“As I told you, Daimbert,” he continued quietly, “I have never touched Theodora. And in eschewing sins of the flesh, I had managed to persuade myself of my own purity. Of course I spoke with her often about her duties as seamstress for the cathedral, and even, in quiet moments that each of us might take amidst our responsibilities, we would share a cup of tea and talk about you. I was happy, I told myself, that my oldest friend had won the love of such a woman, and that the two of you could prosper together in chaste friendship, the parents of a fine little girl. But today I have had to ask myself: did I counsel Theodora in physical purity only so that I did not have to think of her loving another man as she could never love me?”
I had to interrupt him, even if he was giving voice to ideas I had unwillingly had myself. I could see his eyes now within the shadows of their sockets, and they burned like dark coals. “Joachim, you’re getting yourself all upset for nothing. None of your cathedral priests will understand what you’re talking about. Theodora has always admired you, and you, quite naturally, appreciate her fine qualities. I can’t believe that a bishop immediately falls into sin if he thinks well of a woman.”

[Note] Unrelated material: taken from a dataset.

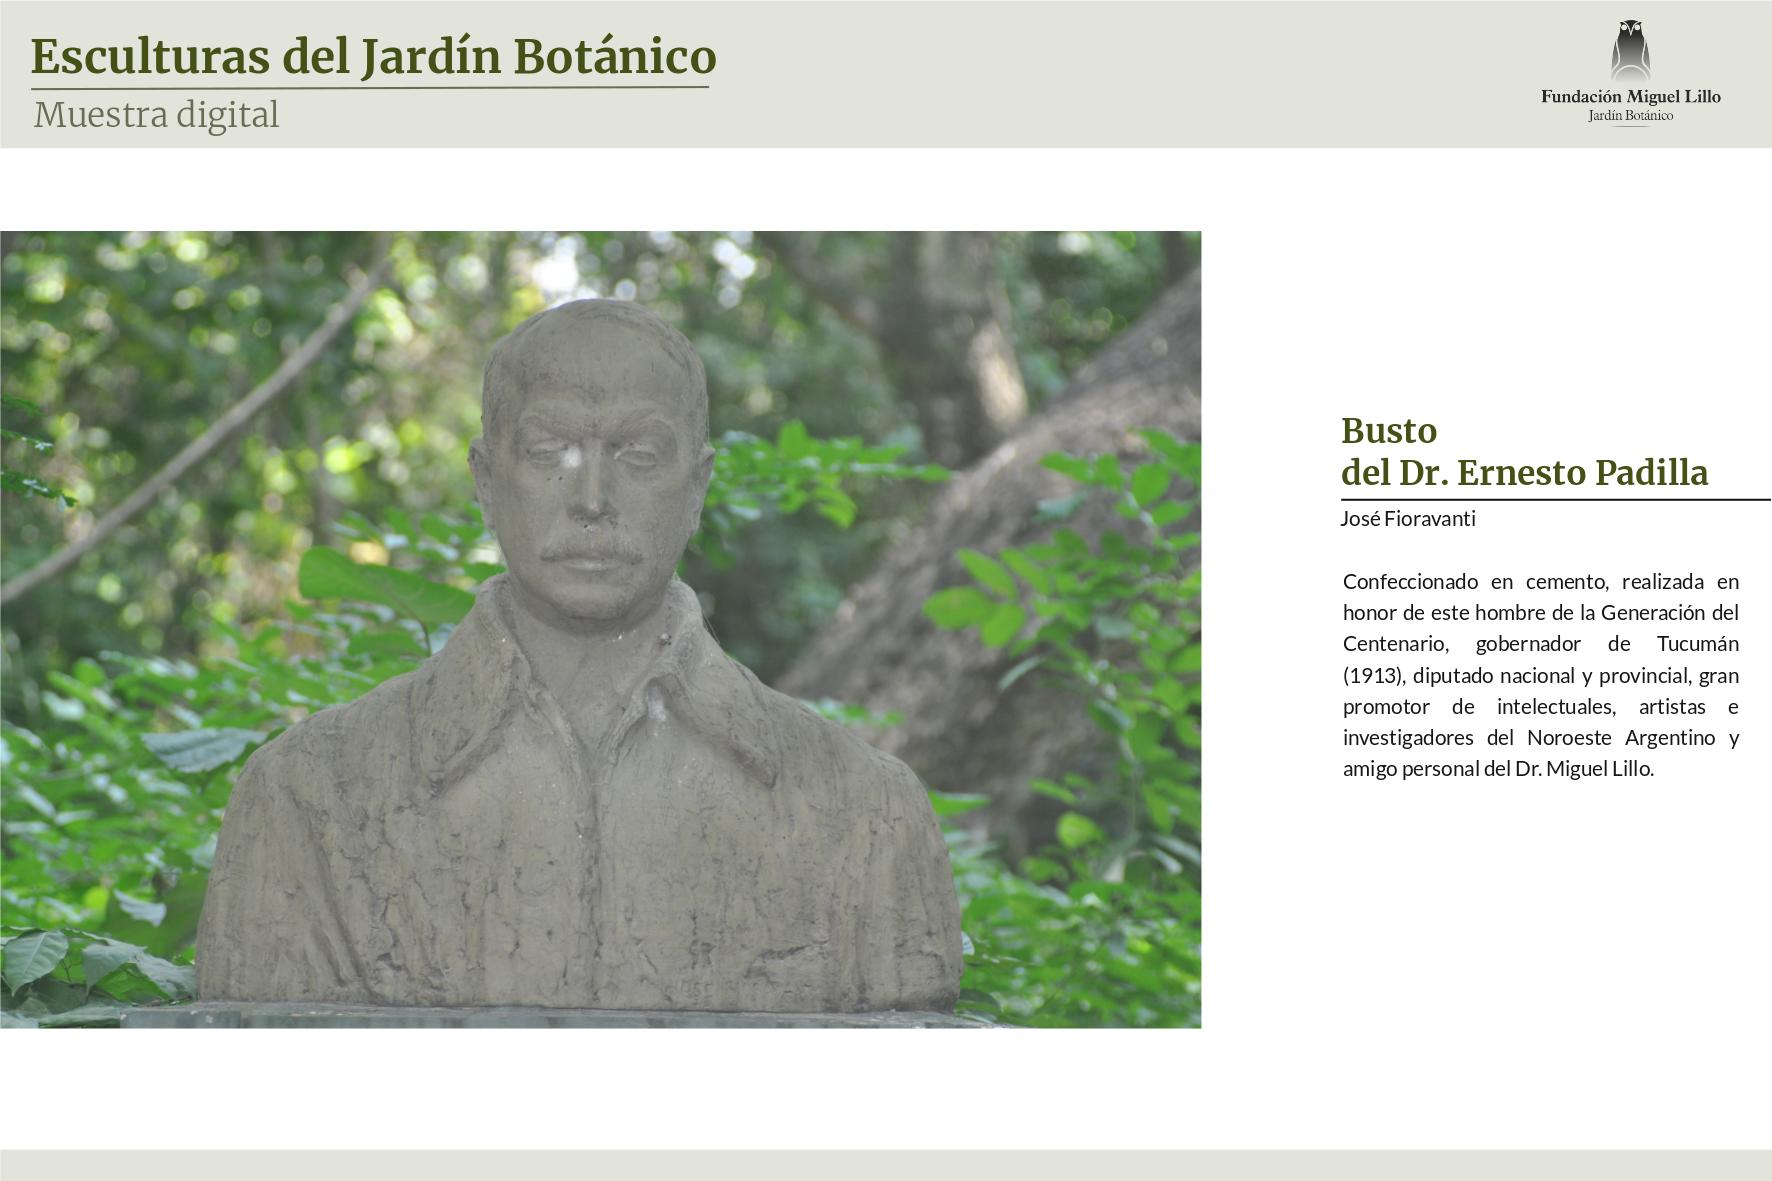 Busto del Dr. Ernesto Padilla (José Fioravanti, Fundación Miguel Lillo)
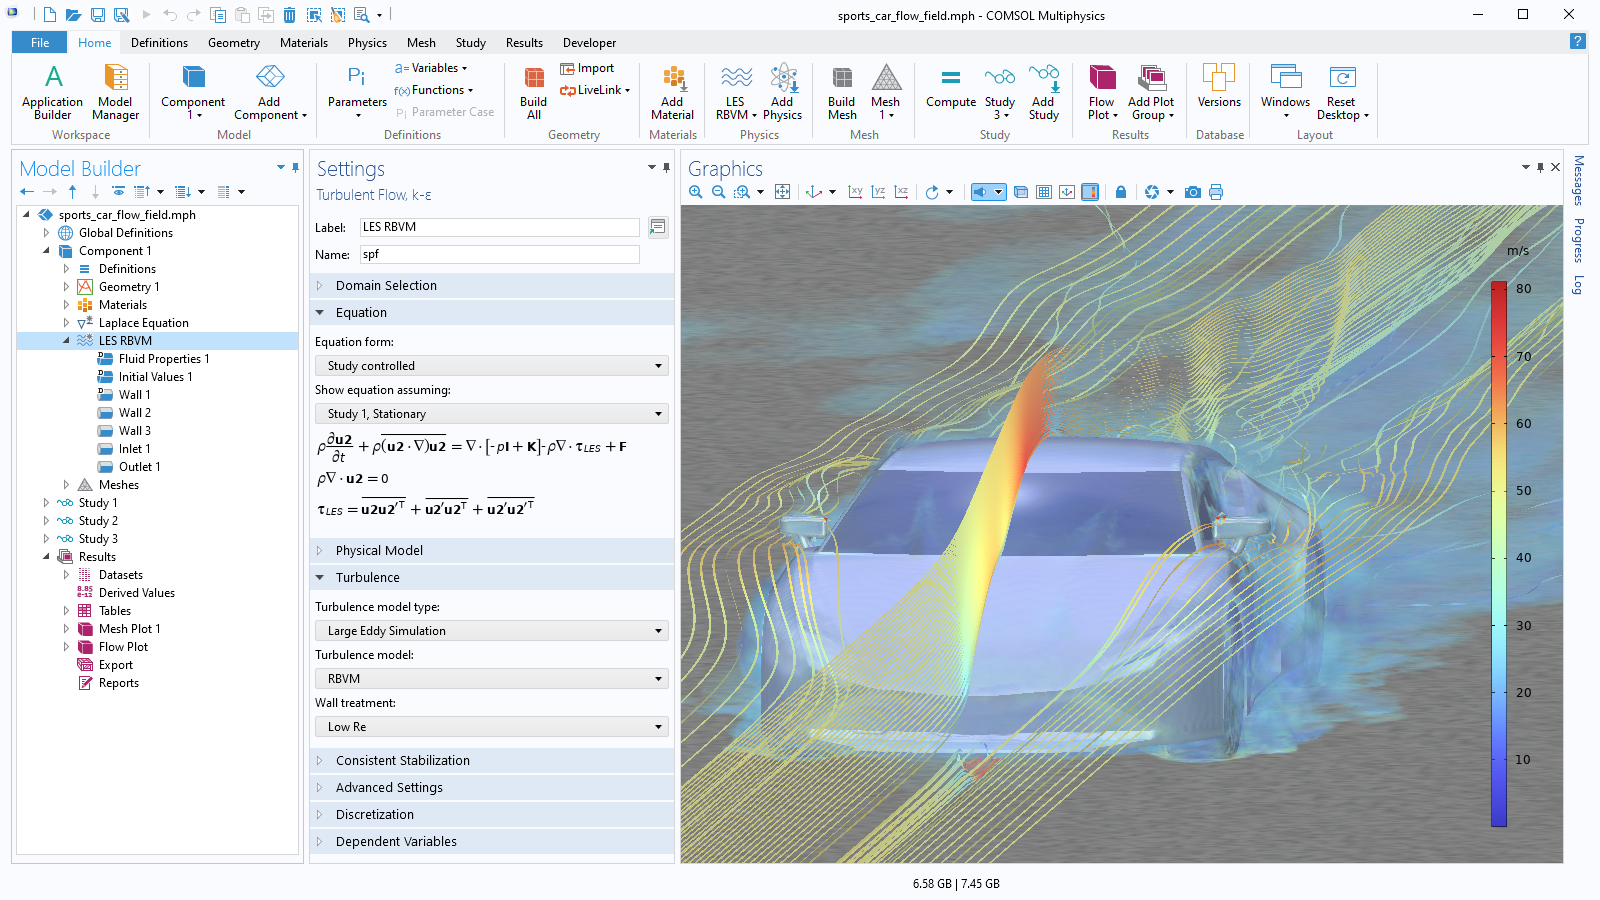 Interfaccia utente di COMSOL Multiphysics che mostra il Model Builder con un nodo Turbolent Flow evidenziato, la finestra Settings corrispondente e un modello di un'auto sportiva nella finestra Graphics.

He took a deep breath and held my gaze with his as though determined to push through a reluctance to reveal something deeply disgraceful. “But I have not yet told you all. When you first went to the guest chamber to sleep, leaving me with my thoughts, I was almost amused, thinking that I could well understand your murderous intentions. After all, I told myself, for a woman like Theodora a man might well do anything to keep her from pain or harm, even gladly kill another in the full knowledge that he would damn himself for eternity, world without end. And then I listened to what I was thinking. Horrified at myself, I resolved I should never see her again. It was when I realized how much I would miss her that I knew I must leave Caelrhon at once and become a hermit.”
“You can’t be a hermit,” I said weakly before the intensity of his gaze. “You’re the bishop.”
“And in my misery and sin,” he said, looking away at last and seeming to pay no attention to anything I said, “I thought this afternoon to walk to the hermitage in that deep valley at the east end of Yurt. If I started now, I told myself, I could be there in two days. I would leave my vestments and episcopal ring for the Romneys to find. If they kept the ring for themselves—well, it had become too tainted for the next bishop to want anyway. Naked I would reach the valley and beg the hermit with tears of penitence to accept me as a novice.”
The picture of Joachim walking naked across two kingdoms in order to shave his head and become an apprentice hermit was almost too much for me. Shoulders quivering, I managed to suppress hysterical laughter. The bishop would probably only consider it appropriate punishment for me to laugh at him on top of everything else, but I could not let it out. The thought of the hermit of the shrine of the Cranky Saint, a man who had been a ragged apprentice hermit himself when I first met him years ago, did not help.
“That was why I was so startled when you walked up to me, Daimbert,” Joachim continued after a moment, looking out to what was shaping up into a rather fine sunset. “You appeared like the voice of conscience, telling me by your very presence that a bishop cannot walk away from his duties without even telling anyone that he is going, and that to escape without confessing my sins would be only to embrace them. My true penitence must come in facing my cathedral chapter. They will be surprised when they hear that their bishop—who, I have led them to believe in my own sinful complacency, is a virtuous man—has fallen so far.”
I knew I had to talk him out of it if I could only think of what to say. Somehow my own insanity this morning must have infected him. “Don’t do anything you may regret without giving it proper thought,” I said inadequately and out of my own experience.
Joachim turned, and we started slowly back toward the city. The sun had slipped behind the horizon, and the whole world now was shadowed. “Would it be better to tell my chapter this evening, in a privacy that would not disrupt the simple faith which Christians have in their priests,” he asked, “or would it be best to announce it publicly at the high altar tomorrow morning? Would my sins be more truly atoned for if I suffered public humiliation, or am I only taking a perverse pride in how far I have fallen?”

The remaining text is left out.